Packaging should reflect the distribution environment and regional regulatory expectations. A formulation stable in Zone II may require reinforced packaging in Zone IVb to avoid humidity-induced degradation.

This tip ensures the package protects the product not only in the lab but also across global supply chains.

Regulatory and Technical Context:

ICH and global expectations for packaging justification:

ICH Q1A(R2) and Q5C emphasize that packaging should be justified using real-time and accelerated stability data. Agencies like the FDA, EMA, and CDSCO require this data as part of product registration dossiers.

Packaging justification must demonstrate that the selected system maintains the integrity of the drug product throughout its lifecycle.

Container-closure integrity testing (CCIT):

In addition to stability data, regulatory bodies expect supportive evidence from CCIT or extractable/leachable studies.

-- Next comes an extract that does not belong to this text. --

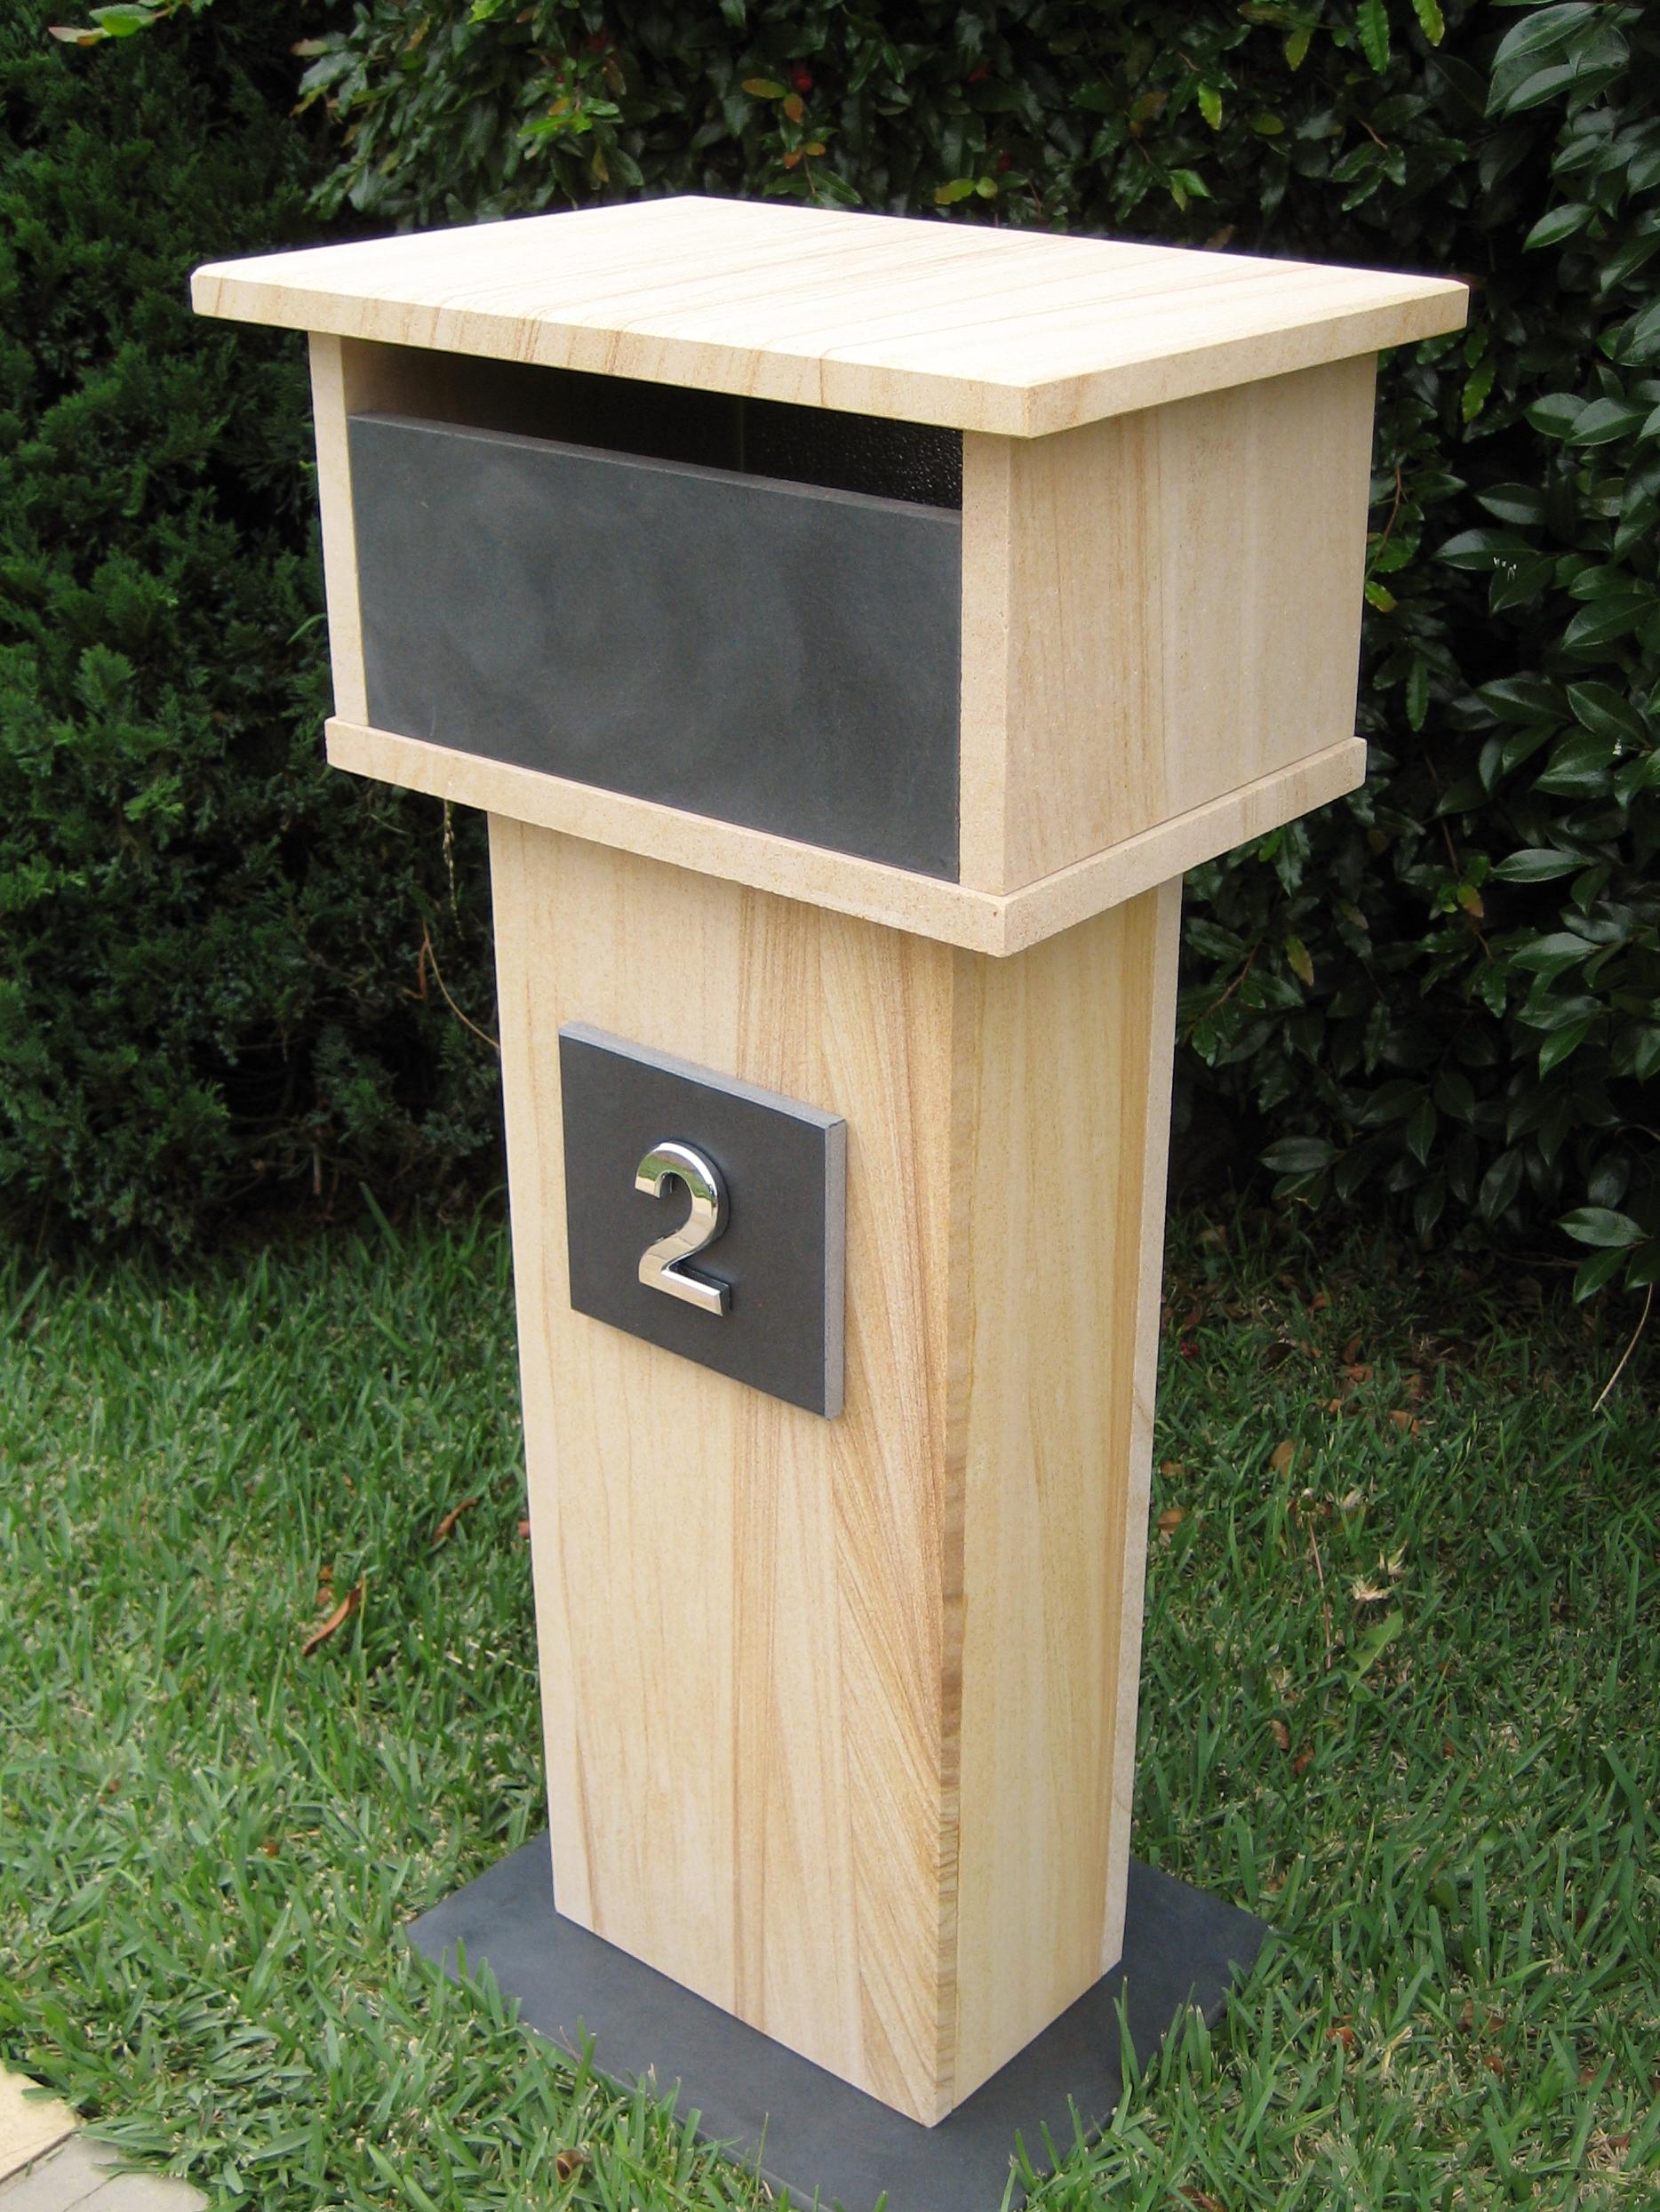 49. Sandstone, bluestone aluminium back door with 2 key lock 820x400x290 $580

These ensure that the closure system prevents ingress of air, moisture, or contaminants.

CCIT is especially important for injectables, hygroscopic formulations, or temperature-sensitive biologics.

Linking packaging to labeling and claims:

Stability outcomes directly influence storage claims like “Protect from light” or “Store below 25°C.” These must be aligned with packaging features, such as UV-protective materials or barrier foils.

Discrepancies between data and labeling may trigger regulatory queries or post-approval commitments.

Best Practices and Implementation:

Perform packaging simulation during stability studies:

Stability studies should use the final intended market pack, not just bulk containers or interim formats. Simulated transport and distribution studies also validate packaging under real-world conditions.

Track any visual or functional changes in the package alongside product degradation metrics to ensure system integrity.

Include comparative studies where needed:

If multiple packaging options exist (e.g., blister vs. bottle), conduct head-to-head studies. This helps justify packaging changes post-approval or respond to supply chain disruptions with data-backed flexibility.

Document observations like moisture uptake, visual changes, or assay drift to support packaging decisions with evidence.

Integrate packaging review into formulation lifecycle:

Don’t treat packaging as an afterthought—review and revalidate it at key stages such as formulation changes, line transfers, or regulatory submissions in new regions.

Update SOPs to include packaging verification checkpoints during each stability protocol approval cycle.